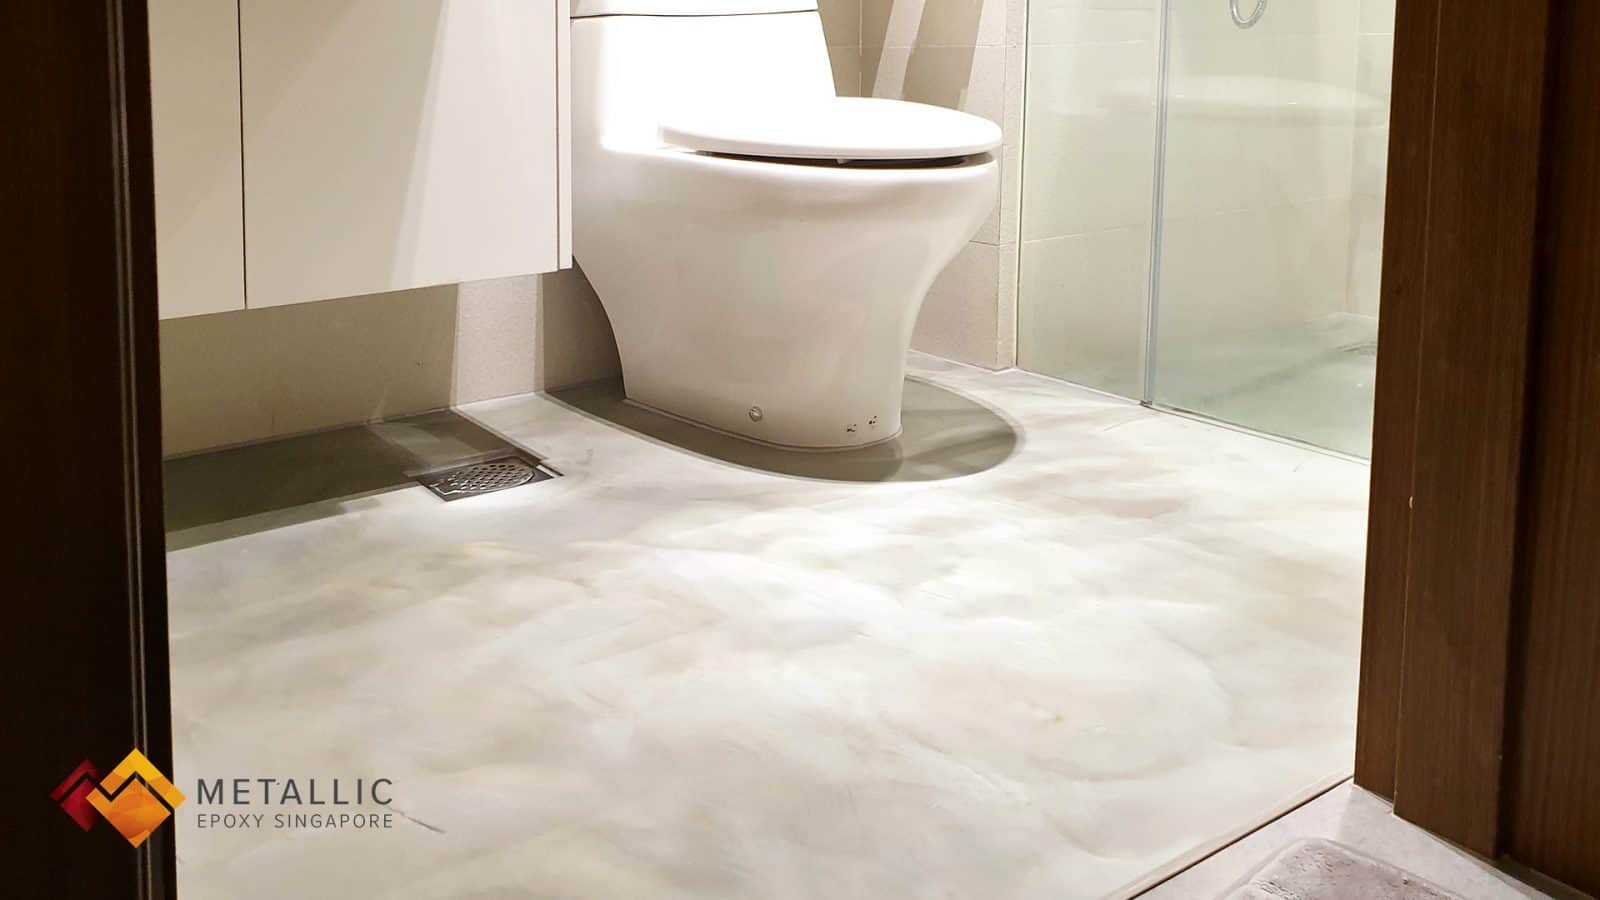 Metallic Epoxy Concrete Bathroom Floor
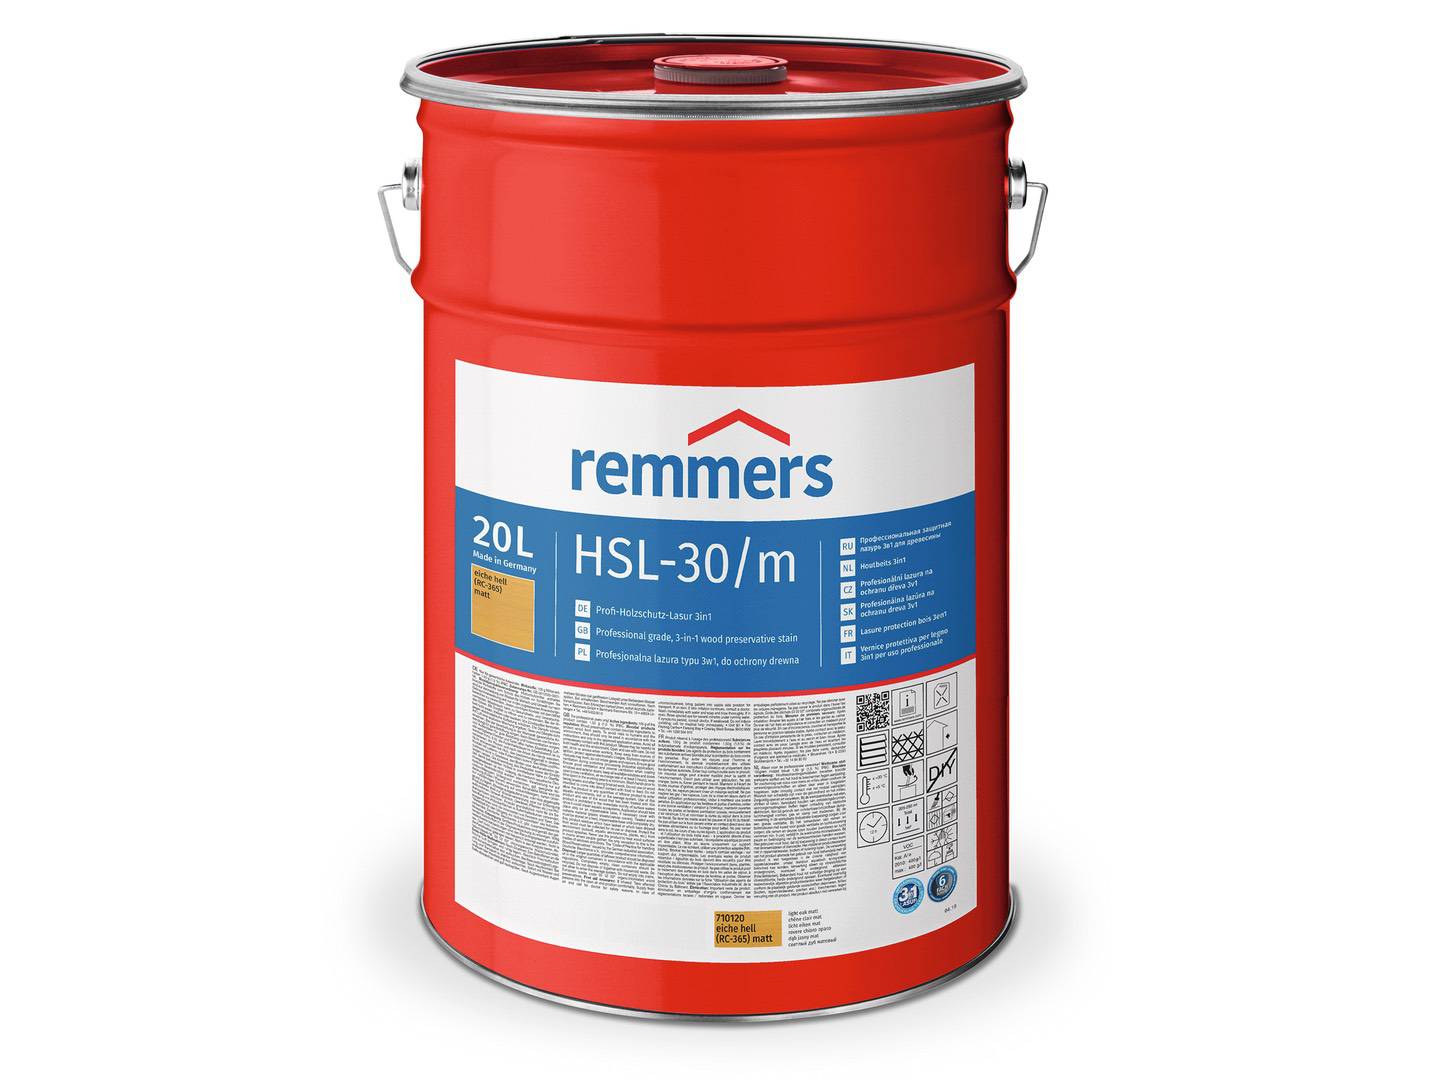 REMMERS HSL-30/m-Profi-Holzschutz-Lasur 3in1 nussbaum (RC-660) matt 20 l
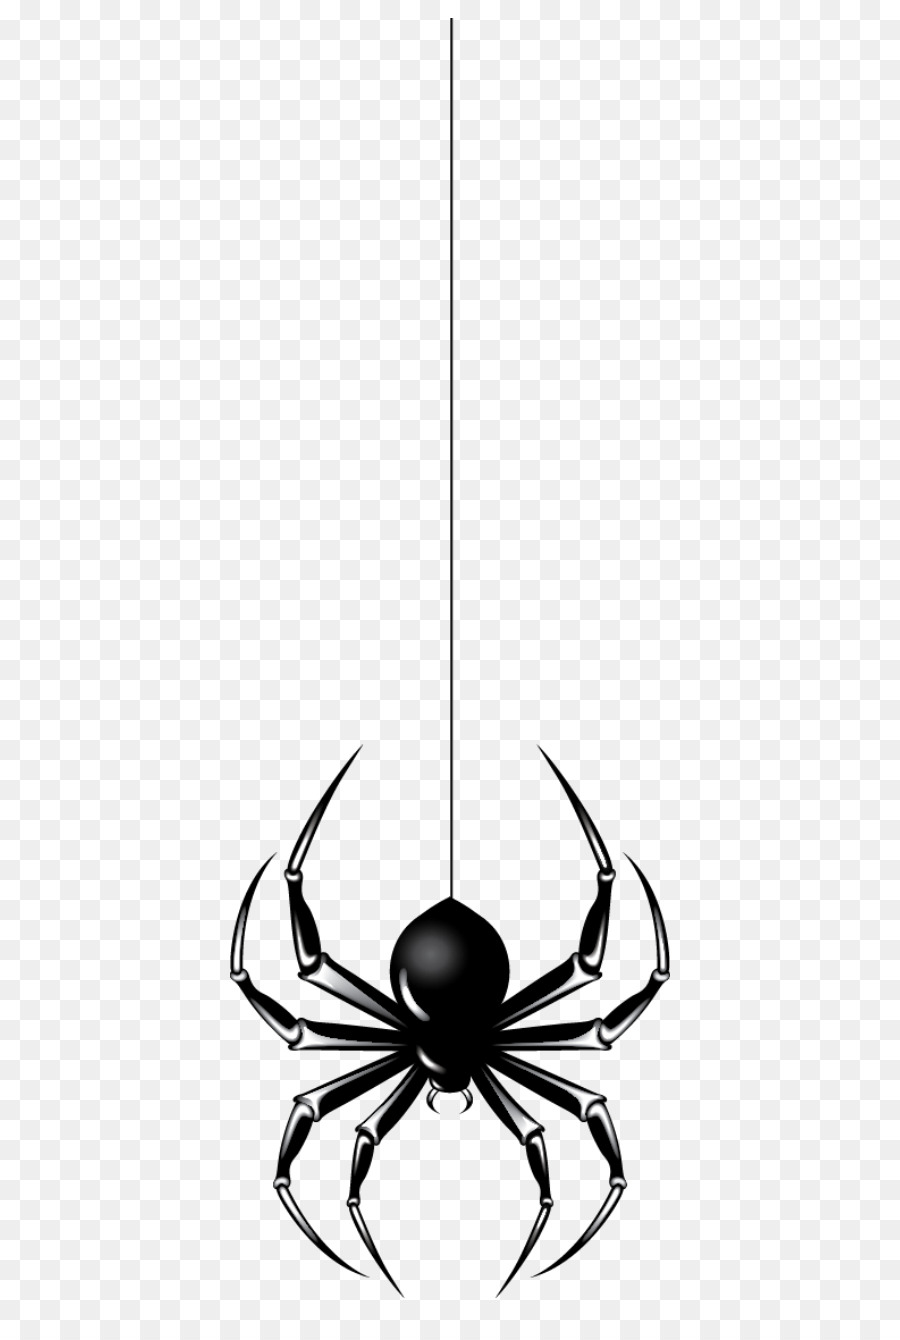 Spider Halloween Clip art - Hanging Spider png download - 472*1328 - Free Transparent Spider png Download.
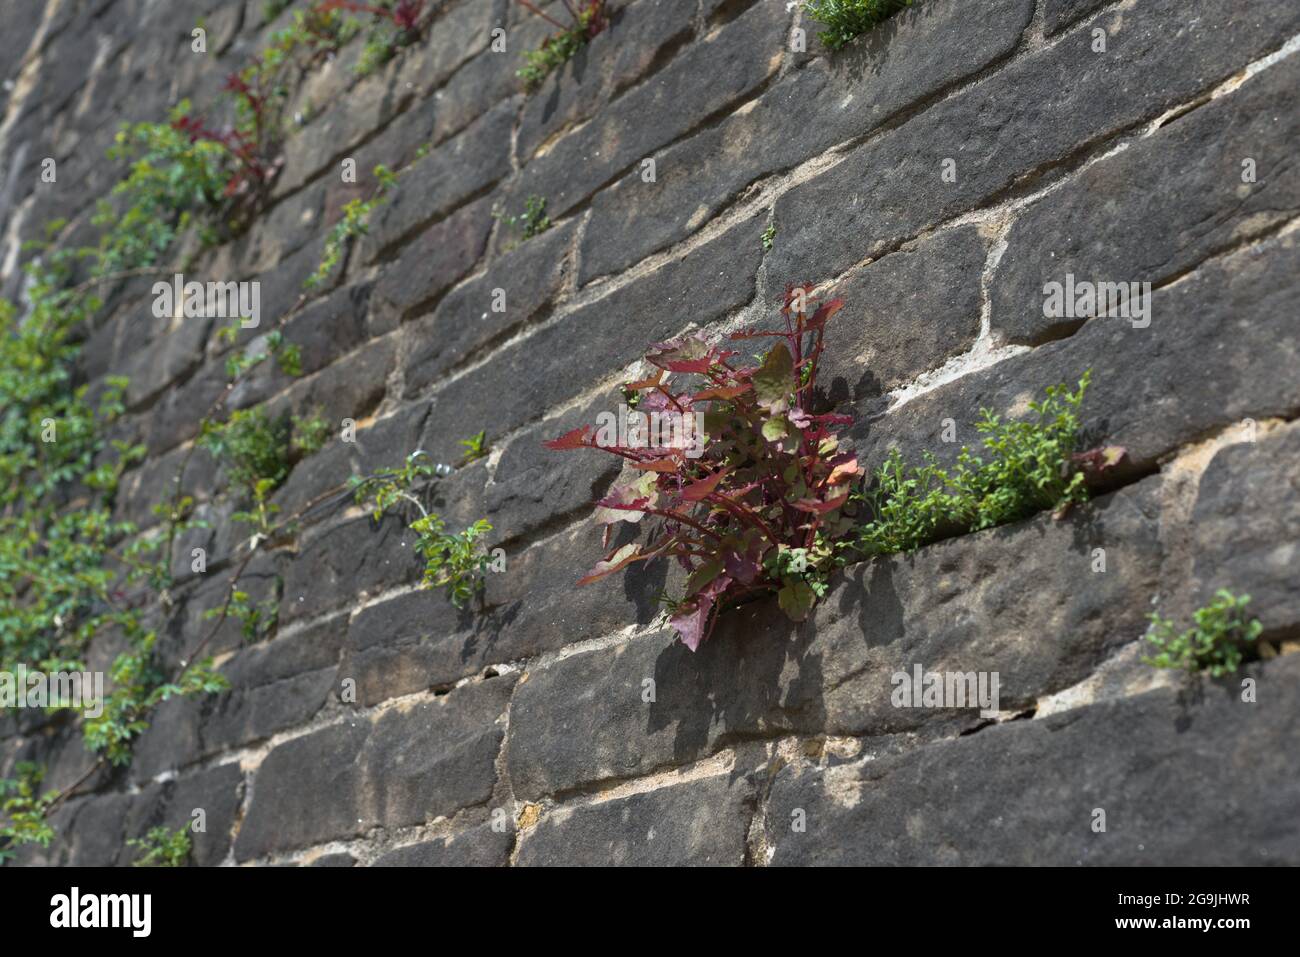 Image plein cadre de mise au point sélective des plantes rouges et vertes qui poussent des fissures dans un mur gris. Concentrez-vous sur les plantes rouges, les plantes peuvent être considérées comme des mauvaises herbes. Banque D'Images

= = = =

#### What to do:
Set down the material above as is, without any pictures.

#### Your solution:
 Metallic Epoxy Concrete Bathroom Floor
 REMMERS HSL-30/m-Profi-Holzschutz-Lasur 3in1 nussbaum (RC-660) matt 20 l
 Spider Halloween Clip art - Hanging Spider png download - 472*1328 - Free Transparent Spider png Download.
 Image plein cadre de mise au point sélective des plantes rouges et vertes qui poussent des fissures dans un mur gris. Concentrez-vous sur les plantes rouges, les plantes peuvent être considérées comme des mauvaises herbes. Banque D'Images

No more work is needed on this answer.